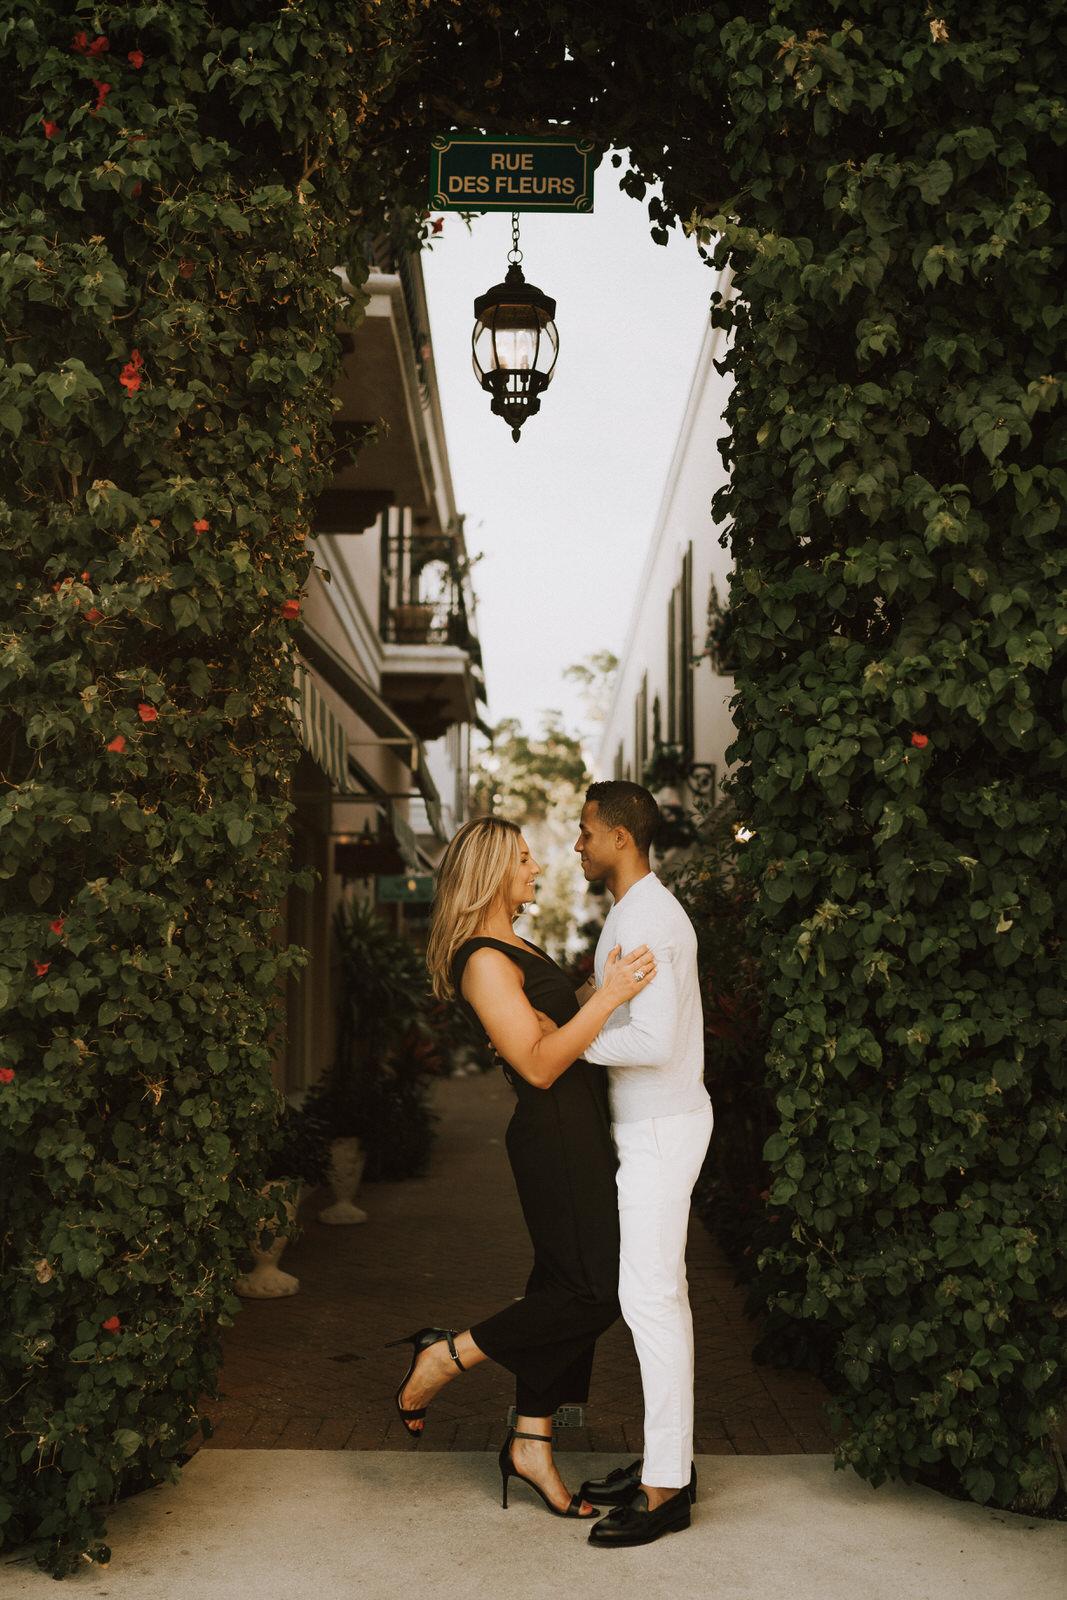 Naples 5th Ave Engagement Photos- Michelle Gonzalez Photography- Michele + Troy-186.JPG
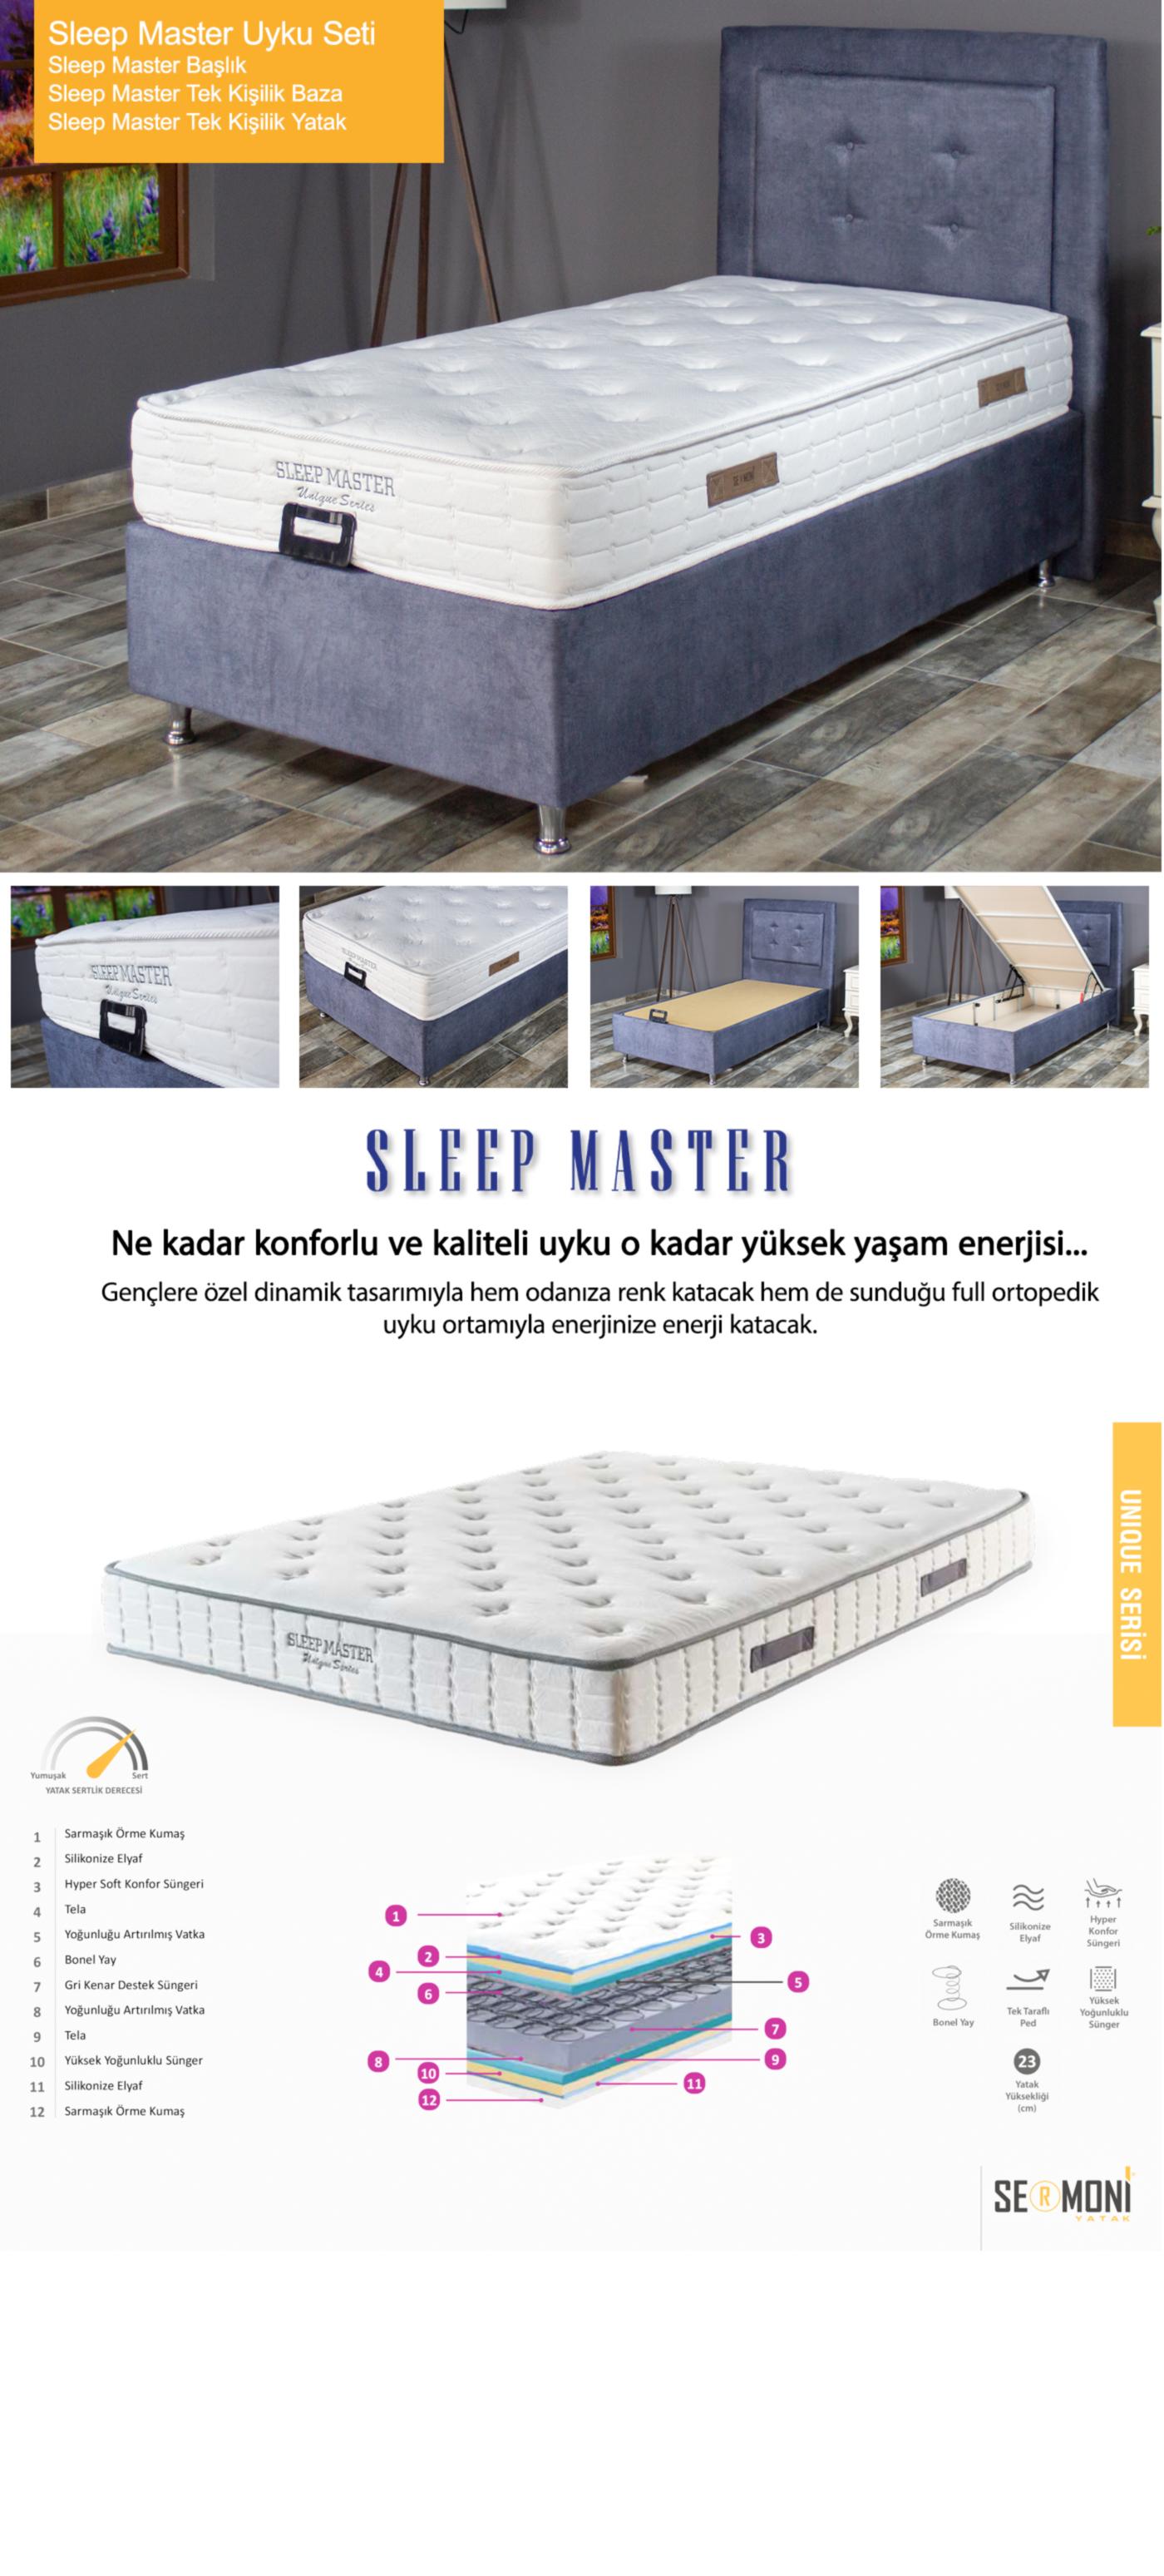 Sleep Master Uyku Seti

---

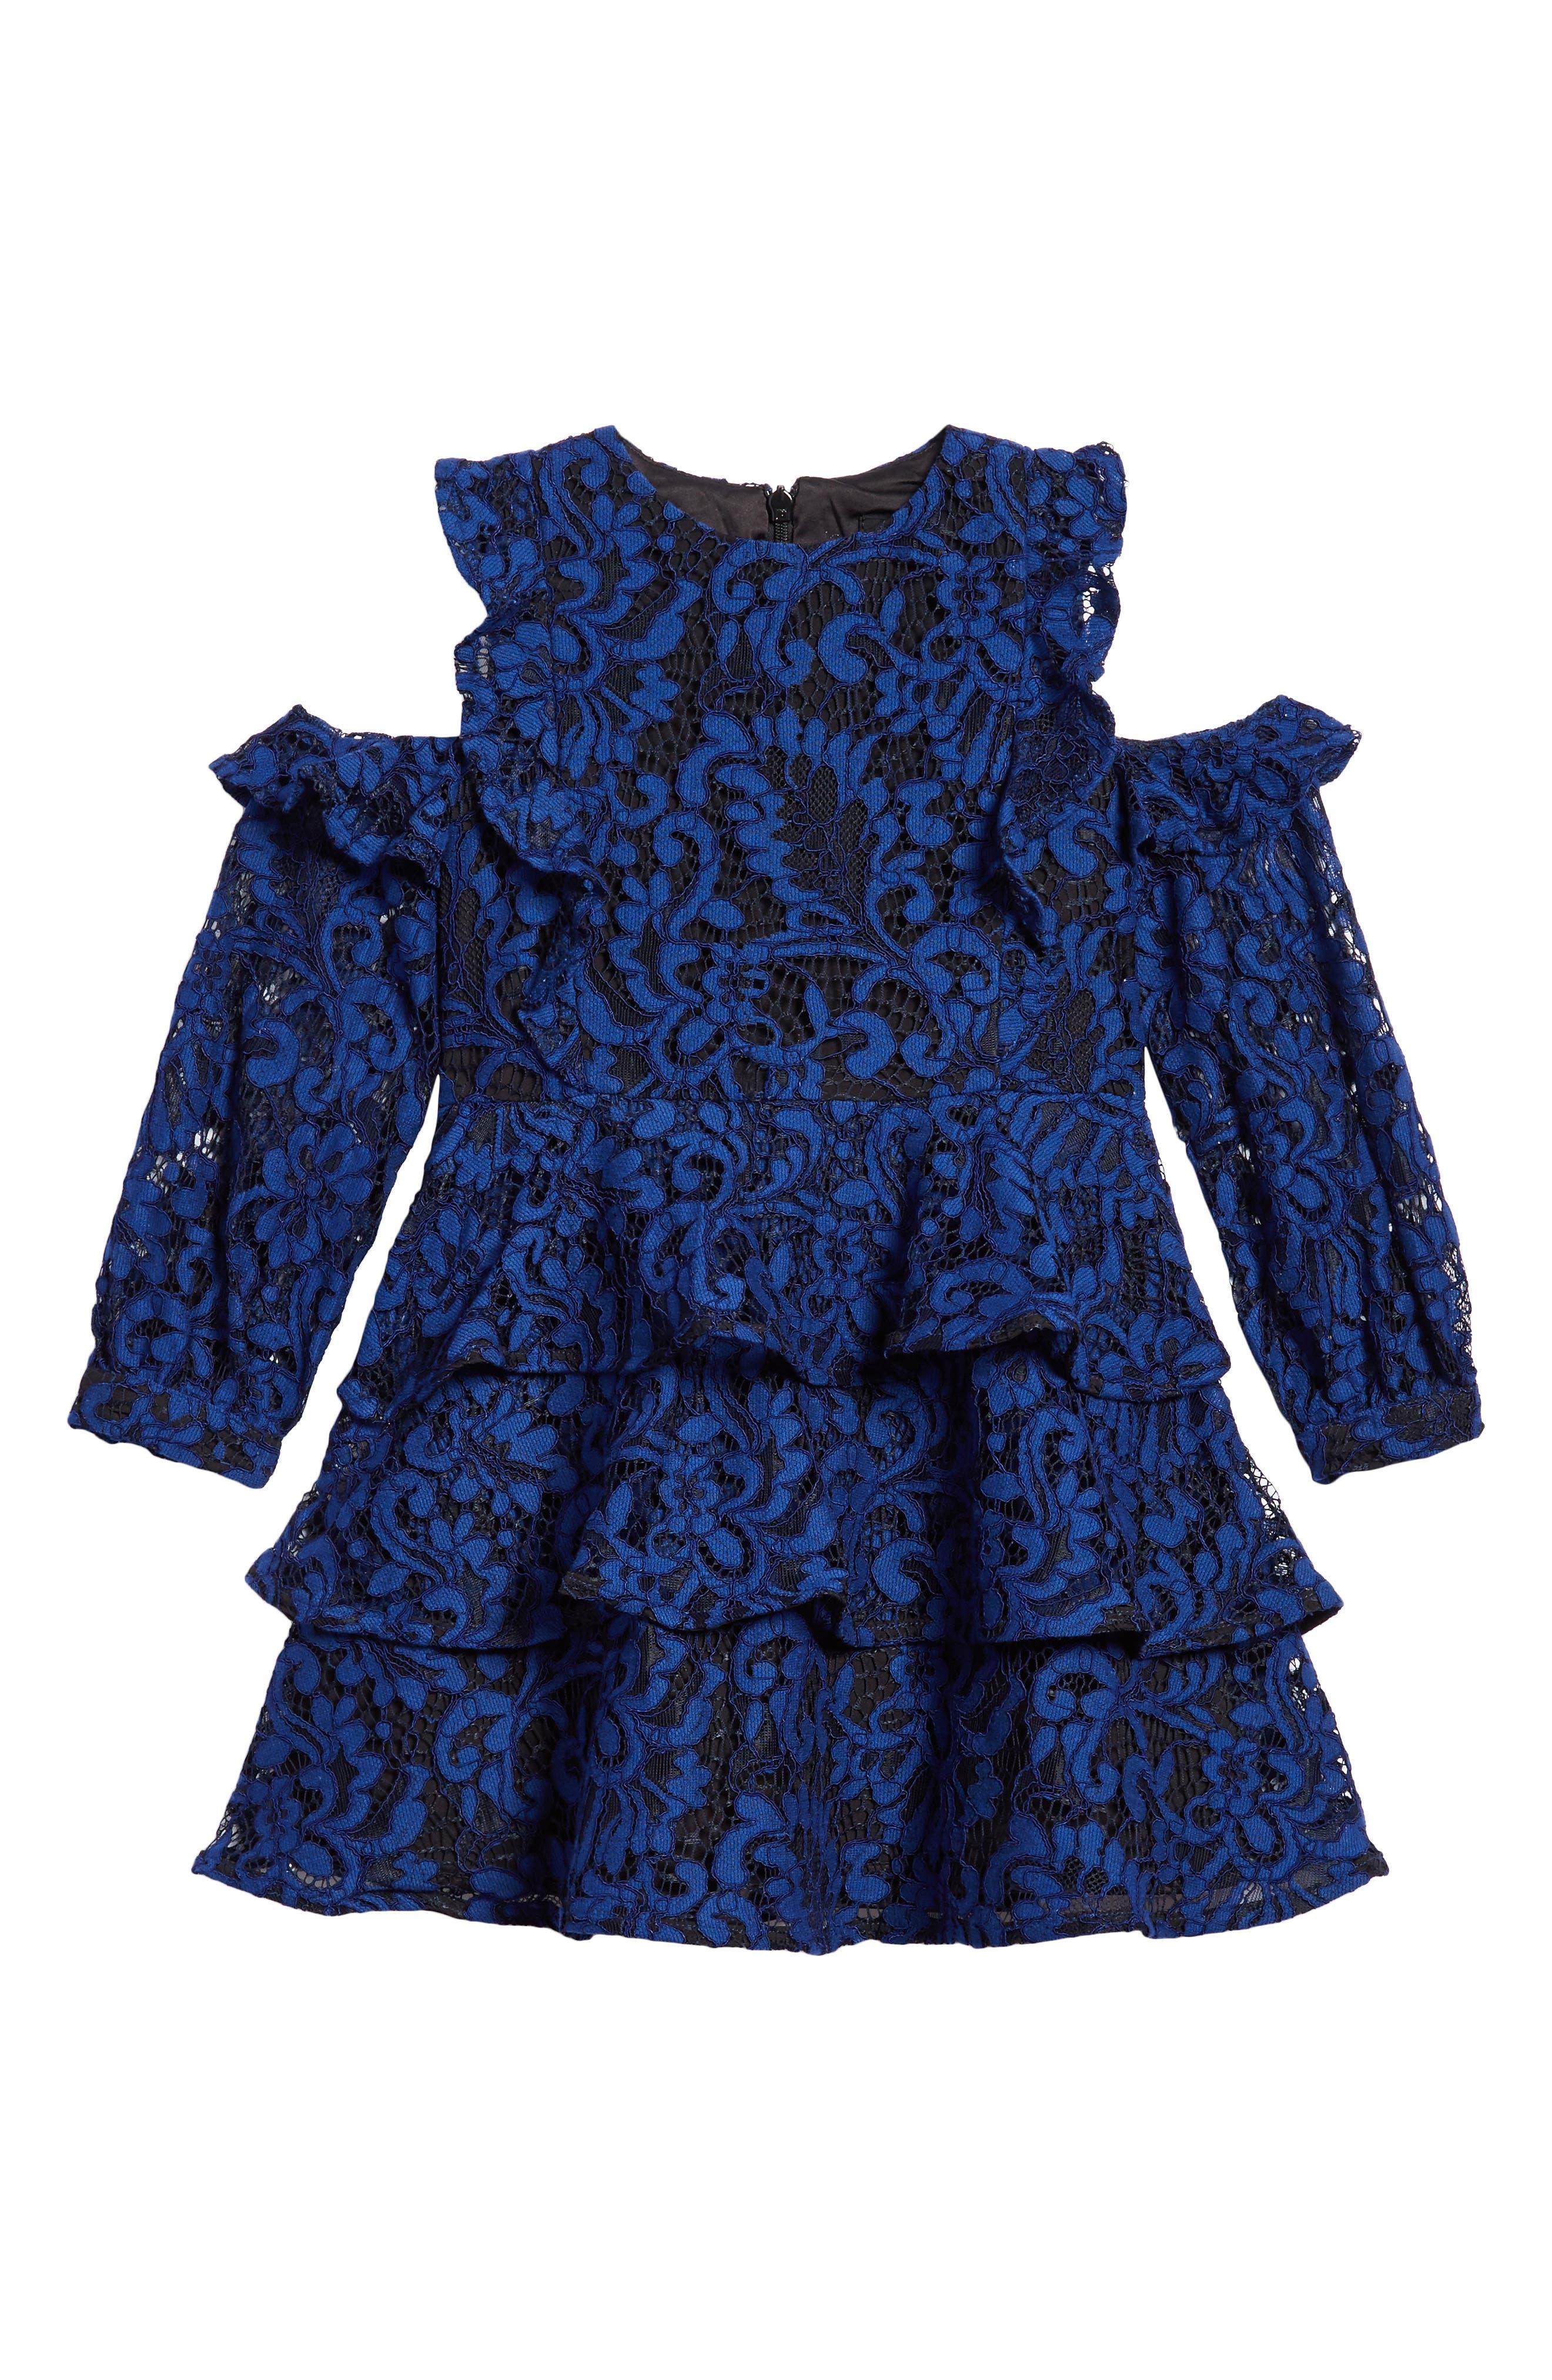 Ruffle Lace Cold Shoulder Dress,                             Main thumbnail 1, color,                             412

How to complete this task -
The lines above starting at the one that holds "Naples 5th Ave" and ending at the one that holds "Sleep Master Uyku Seti" are to be written out exactly, ends included, and no pictures are to be copied.

Task solution -
 Naples 5th Ave Engagement Photos- Michelle Gonzalez Photography- Michele + Troy-186.JPG
 Sleep Master Uyku Seti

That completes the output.